Found springboard blog https://www.springboard.com/blog/ which is interesting and also the article “19 Free Public Data Sets for Your Data Science Project” https://www.springboard.com/blog/free-public-data-sets-data-science-project/ . Also found this site http://insideairbnb.com/get-the-data.html that has lots of data for Airbnb and I can do data analysis from there. It will be really interesting and helpful because it is real data from Airbnb ! I downloaded the data from Athens and there are so many things to see and do!
Also I watched some videos on Data analysis Course by Jeff Leek up to video 17 and I learned to download data in R directly from websites, which is a very useful thing to know. Finally I continued the tutorial “Head Start for Data Scientist” on Kaggle, up to exploratory data analysis. I think this is the best way to learn data science because you are actually doing it and learn from other users and Kernels.
Finally did exercise 10 -Unit 3, from the book “An introduction to statistical learning”. Here is the code I used
#Excercise 10, Page 123
setwd(“C:/Users/User/Desktop/Άγγελος/R/Statlearning/Data”)
library(ISLR)
data(“Carseats”)
summary(Carseats)
reg<-lm(Sales~Price+Urban+US,data=Carseats)
summary(reg)
contrasts(Carseats$Urban)
contrasts(Carseats$US)
#(b)
#In the regression the Price has a negative coefficient which indicates that the
#price has an effect on sales(It’s difficult to sell more expensive houses)

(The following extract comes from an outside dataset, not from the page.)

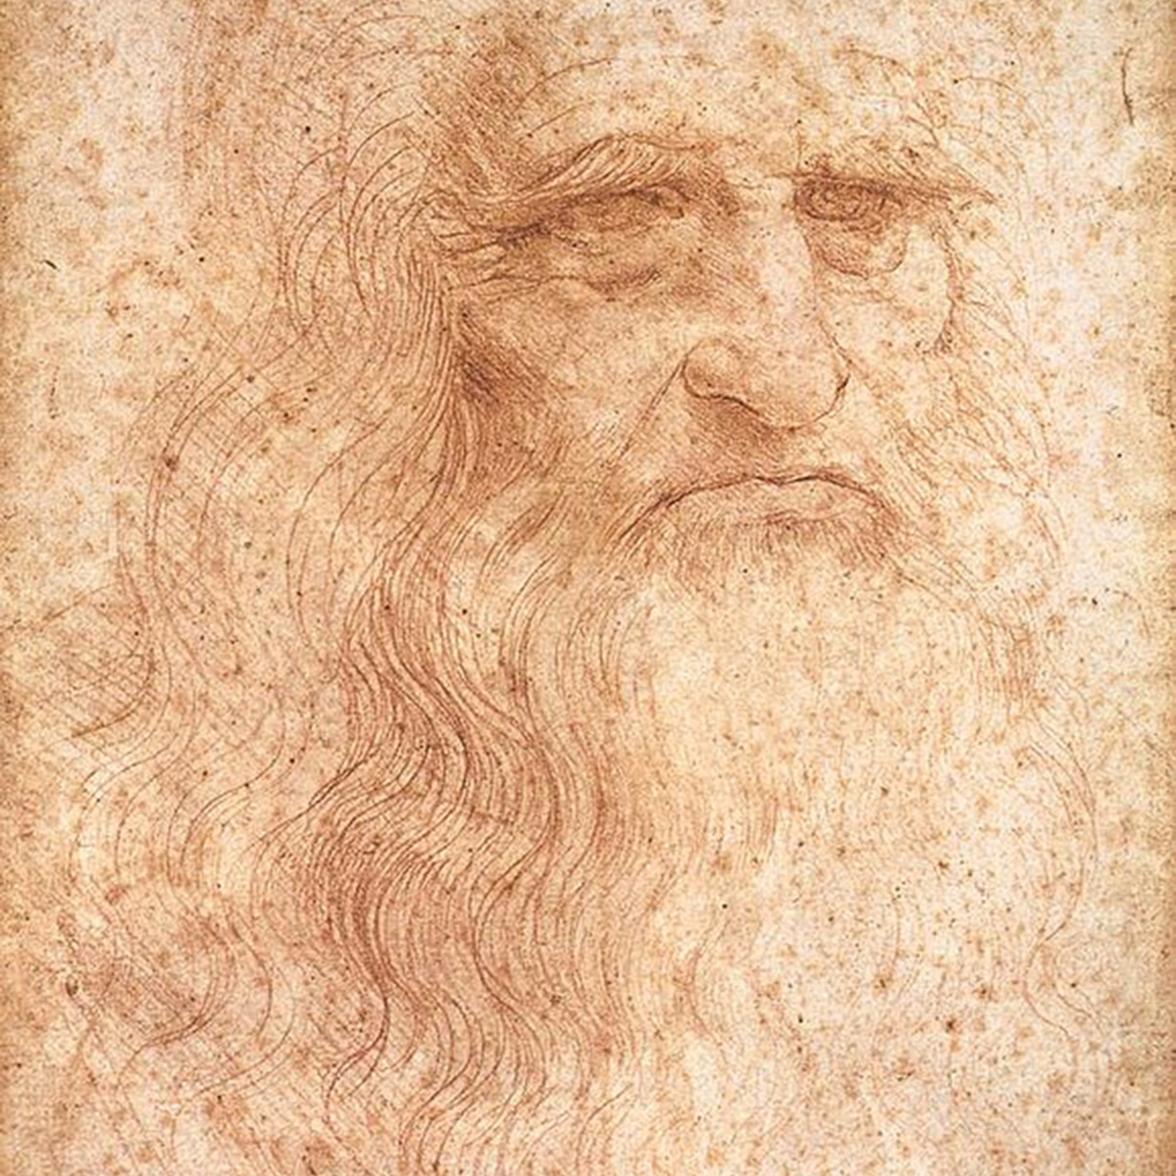 Autoportrait attribue a Leonardo da Vinci, photo © DR

#Also R has created a UrbanYes variable which takes the values of 1 if the house is
#in a urban area and 0 otherwise. We can see that it has a negative effect on
#sales ,but it is not significant in the regression model we created.
#Finally R has created a USYes variable which takes the values of 1 if the house is
#in US and 0 otherwise.This shows that sales are affected
#by the location of the house, if the house is in US this makes it easier
#to be sold.
#(c)
#equation form y= 13.043-0.054459*x1-0.021916*x2+ 1.200573*x3+ε
#(d)
#we can reject the null hypothesis for the intercept,Price,and US
#(e)
reg2<-lm(Sales~Price+US,data=Carseats)
summary(reg2)
#(f)
#The first model had a 41.52 R-squared and the second 62.43. The second
#model fits the data better.
#(g)
confint(reg2)
#(h)
plot(reg2)
plot(hatvalues(reg2))
which.max(hatvalues(reg2))
#We can see that there is a high leverage observation that affects the model
#which is observation no.43